# Asking for Input



## Seig (Dec 29, 2003)

The December issue of Martial Talk magazine is available for download, free of charge
Martial Talk Magazine 
We are also looking for contributing authors.  If you would like to write an article and submit it for publishing, send it to Kaith webmaster@martialtalk.com or me Seig@martialtalk.com preferrably in a word document.  
What you need to know to write an article


----------



## True2Kenpo (Jan 3, 2004)

Mr. Seigel,

Are there any particular topics of interest that could be focused on as an article?

Thank you in advance.

Respectfully,
Joshua Ryer
IKKA
UPK Pittsburgh


----------



## KenpoTess (Jan 3, 2004)

Hey Josh,

Seig is in Alexandria,Va for work related training today.

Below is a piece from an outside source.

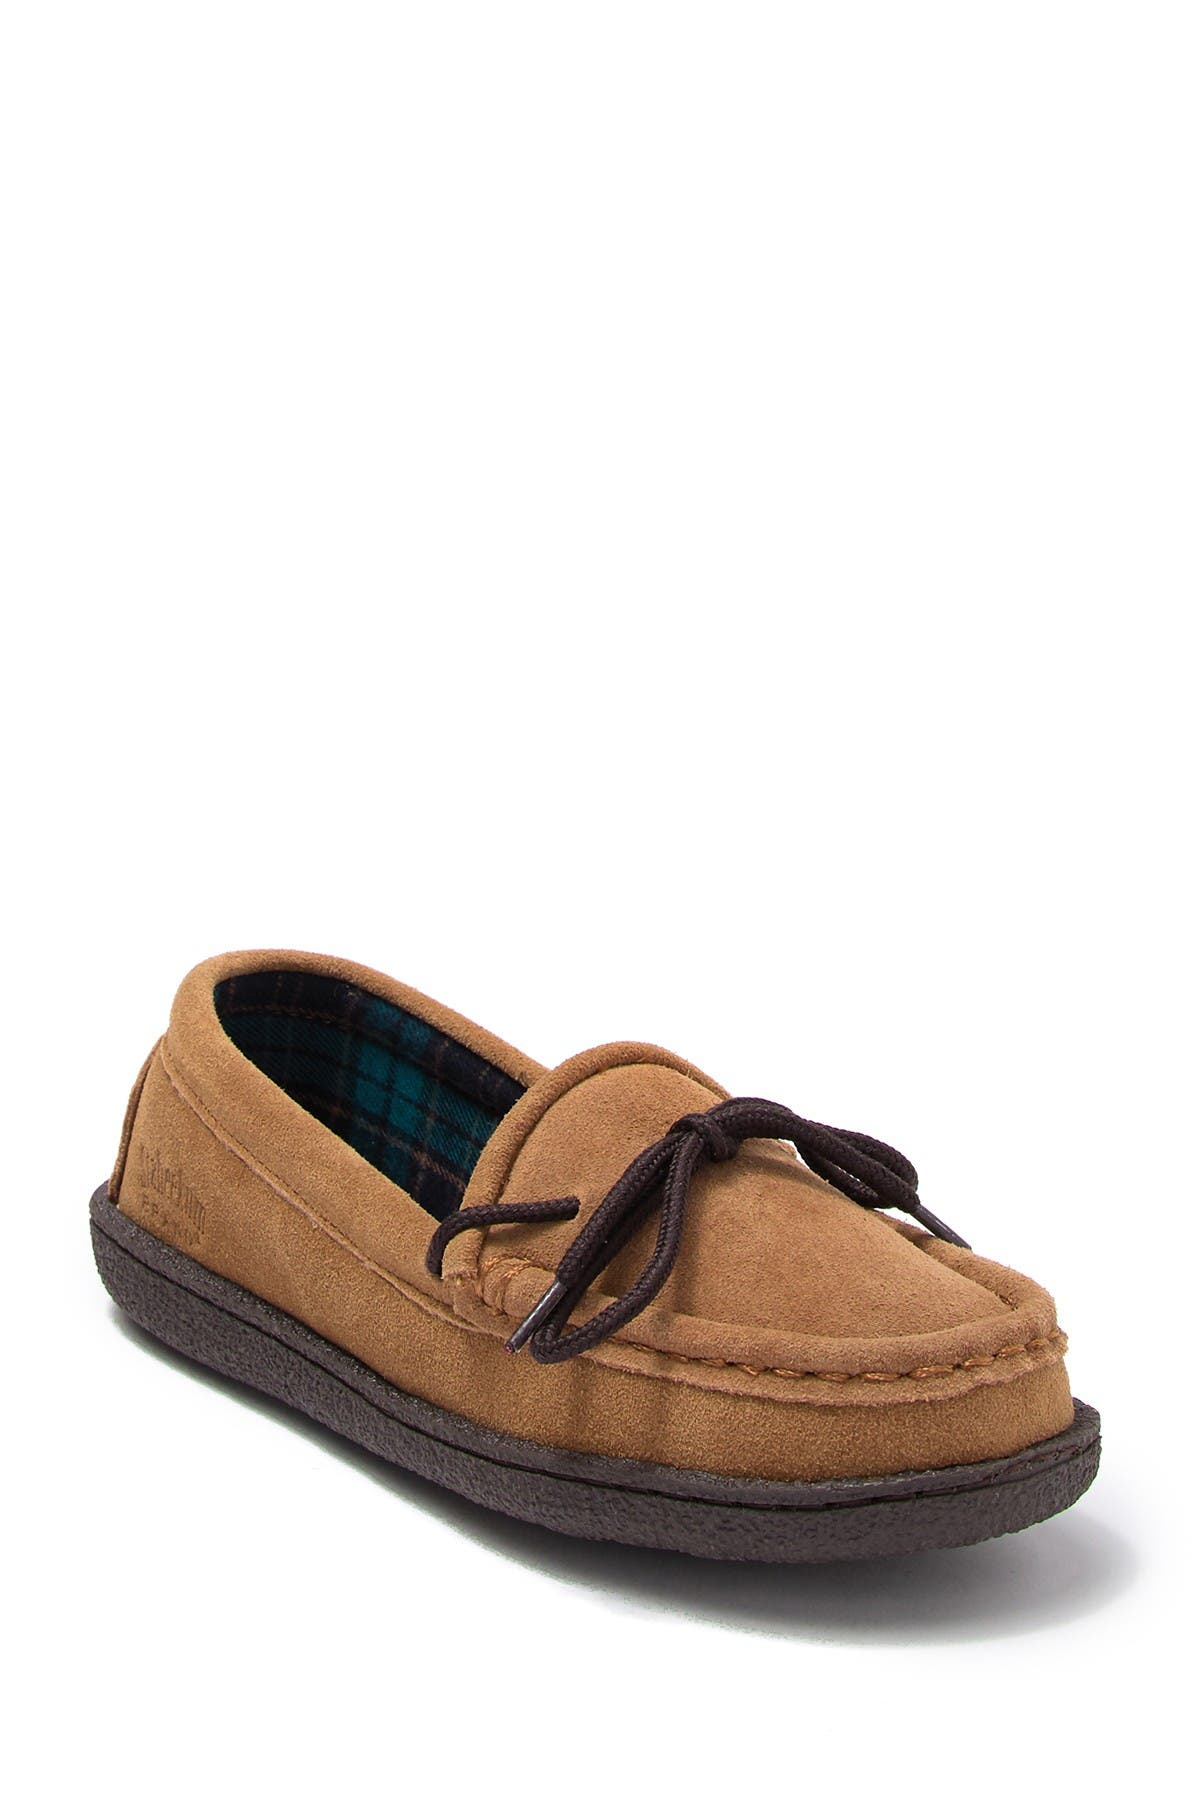 Image of STAHEEKUM Eden Suede Flannel Loafer

Here's a snippet of What you need to know to write an article..

Article Topic Suggestions

    * News analysis: Take a news story and add your editorial perspective.
    * Art/Style/Technique analysis/profiles: Write a breakdown or history of a particular art or technique that interests you. Or break down a technique or concept.
    * Art rivalries: Talk some trash in an area you feel strongly about, just make sure to back it up.
    * Predictions/outlooks: Put it all on the line by making a bold prediction of the arts in the future. What's going to happen, and why?
    * The past: Do the events of many years ago grab your interest? Share your memories and experiences or profile a legend.
    * Interview someone notable. Everyone wants to know more on how the greats got there.
    * Anything goes: If it's about martial arts and is written well, chances are, we'll run it. Write about what moves you and you have passion for.

Perhaps you could write about the Seminar / Tournament circuit... Just to spur your imagination 


More Info here 

Good Luck~!

Tess


----------



## Bob Hubbard (Jan 3, 2004)

A couple of the areas I'd really like to see become regular parts are product and seminar reviews/reports, as well as business building materials.  Every school owner wants to increase their recruitment and retention rate.  

What I really need are a solid half dozen regulars each month to form the core of the magazine.  I give folks alot of room to be themselves (as long as the grammer and spelling is good.) so we can have a wide range of perspectives.


----------



## arnisador (Jan 3, 2004)

> _Originally posted by Kaith Rustaz _
> *I give folks alot of room to be themselves (as long as the grammer and spelling is good.) *



Hypocrite!   (By the way, it's 'grammar'.) There's been some really good stuff in the magazine. I'd say that it's of the quality that would appear in Black Belt except that that's probably an insult any more, not a compliement!

Surveys of arts I don't know much about are the type of thing I really enjoy seeing.


----------